# Nach Neinstallation: Bildschirm flackert unregelmäßg kurz, und wie mache ich WLAN "immer an" ?



## Herbboy (10. Mai 2011)

*Nach Neinstallation: Bildschirm flackert unregelmäßg kurz, und wie mache ich WLAN "immer an" ?*

Ich hab statt win XP wieder win Vista auf meinem Acer 5920G installiert. Ich habe alle Treiber usw. installiert, die ich bei Acer finden konnte, dazu die aktuellen von nvidia für die 8600m GT. Nun flackert aber das Display unregelmäßig kurz, also das Bild geht ganz kurz aus (wirklich nur den Bruchteil einer Sekunde). Mal passiert das alle 3 Sekunden, mal alle 30 Sekunden, mal ist 5 Minuten Ruhe. Was kann da sein?

Und das WLAN ist nach dem Booten immer aus, sofern ich auch den Stecker ziehe. Es soll aber IMMER nach dem Booten an sein - früher war es immer so, wie beim Runterfahren, also: war es beim Runterfahren an, dann ist es auch beim erneuten Hochfahren an.


Ach ja: trotz aller Treiber, die ich finden konnte, werden zwei "Basis Systemgeräte" im Gerätemanager nicht erkannt. Was könnte das sein?


Danke


----------



## Shonun (10. Mai 2011)

*AW: Nach Neinstallation: Bildschirm flackert unregelmäßg kurz, und wie mache ich WLAN "immer an" ?*

Basis Systemgeräte => bezieht sich auf den Chipsatz vom Hersteller


----------



## Herbboy (10. Mai 2011)

*AW: Nach Neinstallation: Bildschirm flackert unregelmäßg kurz, und wie mache ich WLAN "immer an" ?*

Chipsatztreiber habe ich die drauf, die Acer anbietet. 

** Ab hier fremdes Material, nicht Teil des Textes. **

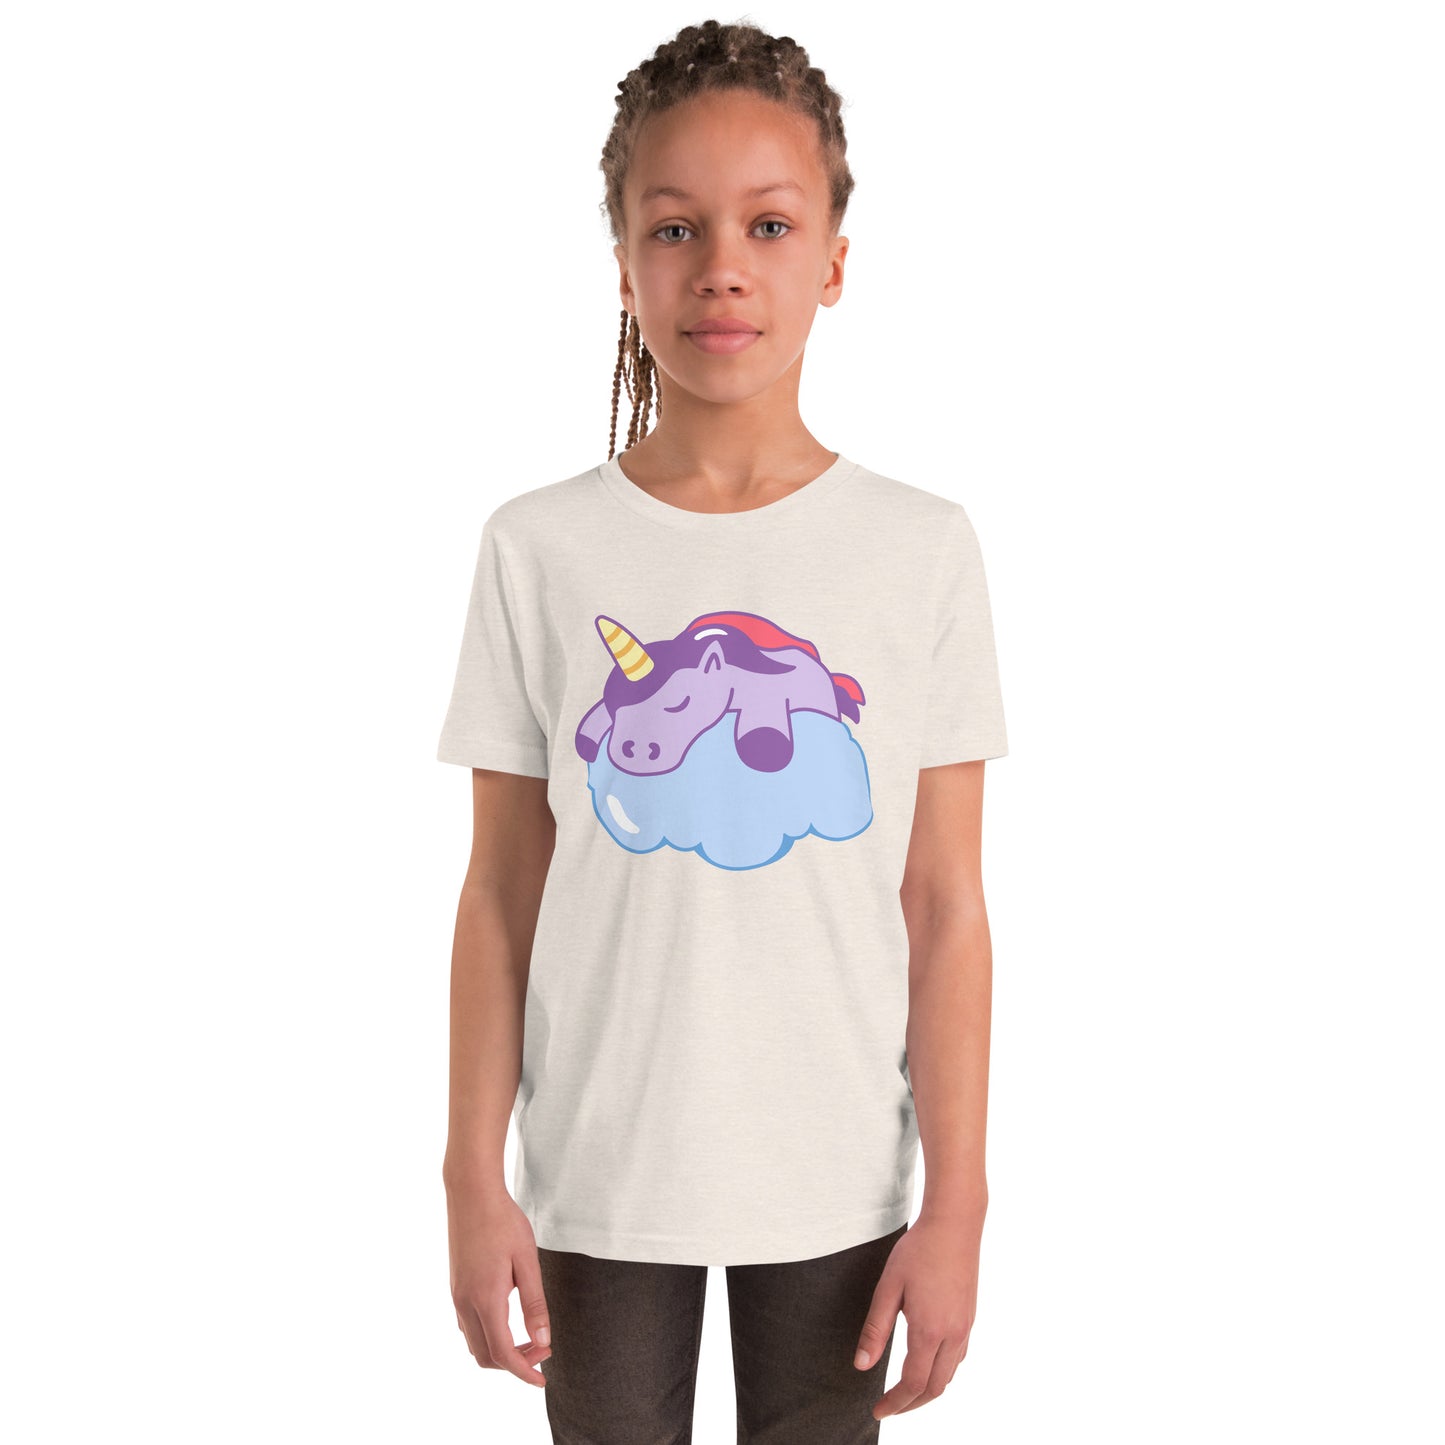 Youth with a heather dust T-shirt with a print of a sleeping unicorn on a cloud

Ach ja: die OSD-Meldungen fehlen auch, also das grün eingeblendete wenn man zB lauter macht oder WLAN ein/aus usw.


----------



## Shonun (10. Mai 2011)

*AW: Nach Neinstallation: Bildschirm flackert unregelmäßg kurz, und wie mache ich WLAN "immer an" ?*

Da fehlt dir noch das Programm : LaunchManager


----------



## Communicator (10. Mai 2011)

*AW: Nach Neinstallation: Bildschirm flackert unregelmäßg kurz, und wie mache ich WLAN "immer an" ?*



Herbboy schrieb:


> Ich hab statt win XP wieder win Vista auf meinem Acer 5920G installiert. Ich habe alle Treiber usw. installiert, die ich bei Acer finden konnte, dazu die aktuellen von nvidia für die 8600m GT. Nun flackert aber das Display unregelmäßig kurz, also das Bild geht ganz kurz aus (wirklich nur den Bruchteil einer Sekunde). Mal passiert das alle 3 Sekunden, mal alle 30 Sekunden, mal ist 5 Minuten Ruhe. Was kann da sein?

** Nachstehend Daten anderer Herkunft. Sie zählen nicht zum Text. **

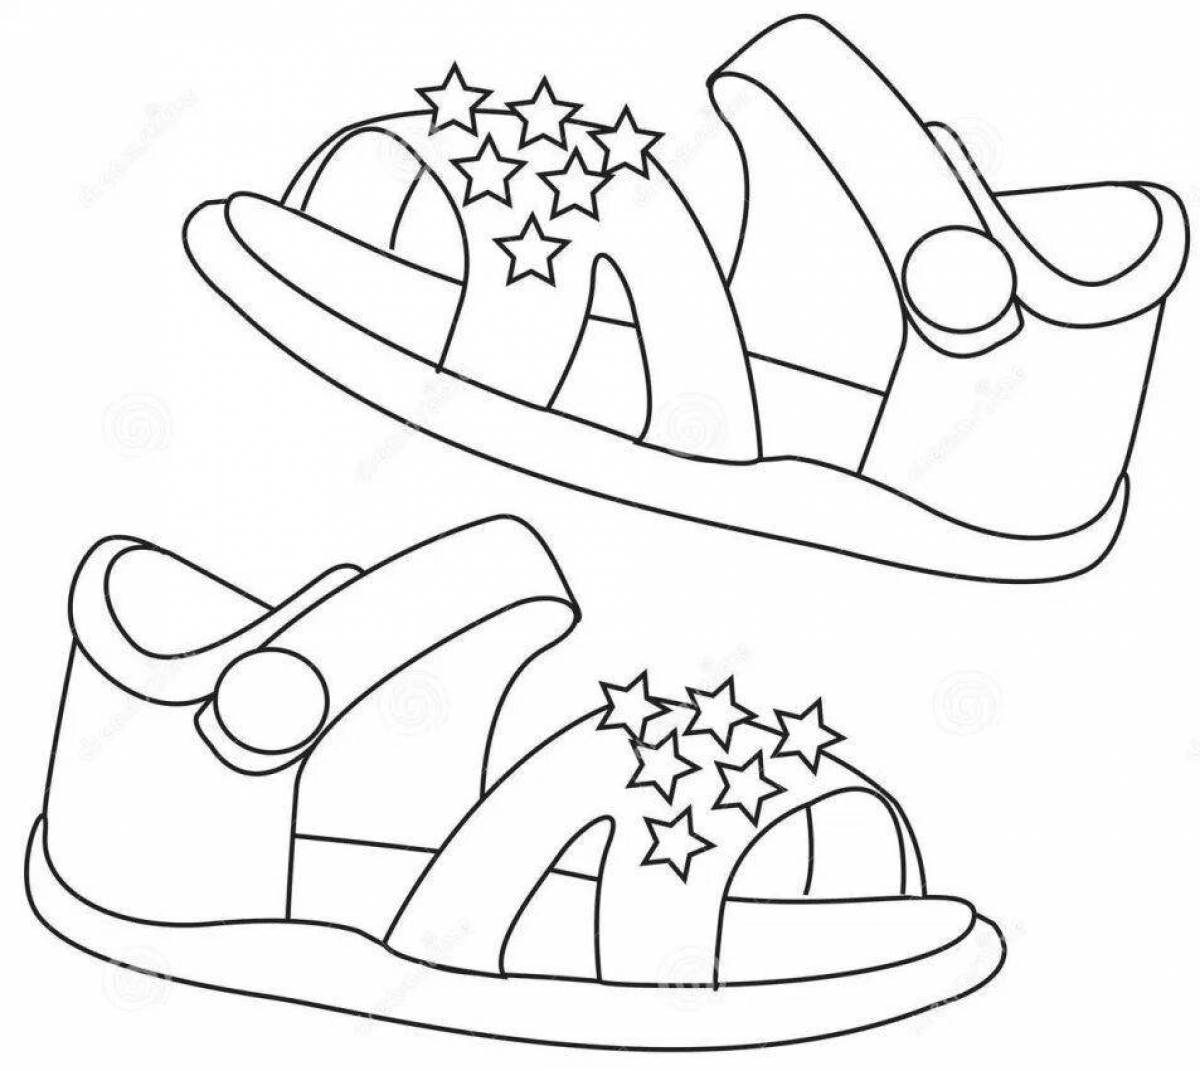 Adorable shoe coloring book for 2-3 year olds

Kann es sein das Dein Breitbandkabel (flaches Kabel von der Tastatur zum Monitor) einen abbekommen hat während der neuen Installation ?? Evtl. während der Inst. mal das Kind in der Nähe und am Laptop "gebogen", oder Wackelkontakt...... ect.



Herbboy schrieb:


> Und das WLAN ist nach dem Booten immer aus, sofern ich auch den Stecker ziehe. Es soll aber IMMER nach dem Booten an sein - früher war es immer so, wie beim Runterfahren, also: war es beim Runterfahren an, dann ist es auch beim erneuten Hochfahren an.
> 
> 
> Ach ja: trotz aller Treiber, die ich finden konnte, werden zwei "Basis Systemgeräte" im Gerätemanager nicht erkannt. Was könnte das sein?
> ...



Für Treiber würde ich Dir das Programm "Driver Genius" ans Herz legen. Ist komerziell, die Testversion zeigt Dir aber mal auf, was dieses Programm für Deinen Kniecomputer an Treiber findet. Diese kannste Dir aber in der Testversion nicht runterladen und installieren, zeigen und Versionen der Treiber macht das Programm aber schon.

Gruß.


----------



## Herbboy (10. Mai 2011)

*AW: Nach Neinstallation: Bildschirm flackert unregelmäßg kurz, und wie mache ich WLAN "immer an" ?*

Also, bei der Installation sollte nix passiert sein - vlt. geht aber auch die Graka hops, ich meine, dass es schon vor nem halben jahr mal kurzezeitig, aber dann auch 2-3 Sekunden am Stück mal geflimmert hatte ^^


----------



## Desmodontidae (10. Mai 2011)

*AW: Nach Neinstallation: Bildschirm flackert unregelmäßg kurz, und wie mache ich WLAN "immer an" ?*

Grundsätzlich sollten bei Notebooks bis zur mobilen 9er Nvida Serie die Treiber von der Herstellerseite genutzt werden. Auch die durch das Windows Update angebotenen Grafiktreiber sind zu meiden. 
Auch wenn Nvidia mittlerweile Treiber für die mobilen Chips anbietet. Sind einige Grafikchips speziell durch die Notebookhersteller angepasst und laufen nicht mit den WHQL Treibern von Nvidia.
Zudem sind die 7xxx und 8xxx Serien der mobilen Nvidia Chips anfällig für Überhitzung und frühzeitiges Ableben. Meistens macht sich das per häufig wiederhergestelltem Grafiktreiber bemerkbar, 
gefolgt von Artefakten, Streifen bis hin zur Basisdarstellung in wenig erfreulichen 640x480 bei 256 Farben. Schlußendlich bleibt dann irgendwann das Bild nach dem Einschalten schwarz. Manchmal
vernimmt man auch noch das wunderbare BIOS piieeep, piep piep piep.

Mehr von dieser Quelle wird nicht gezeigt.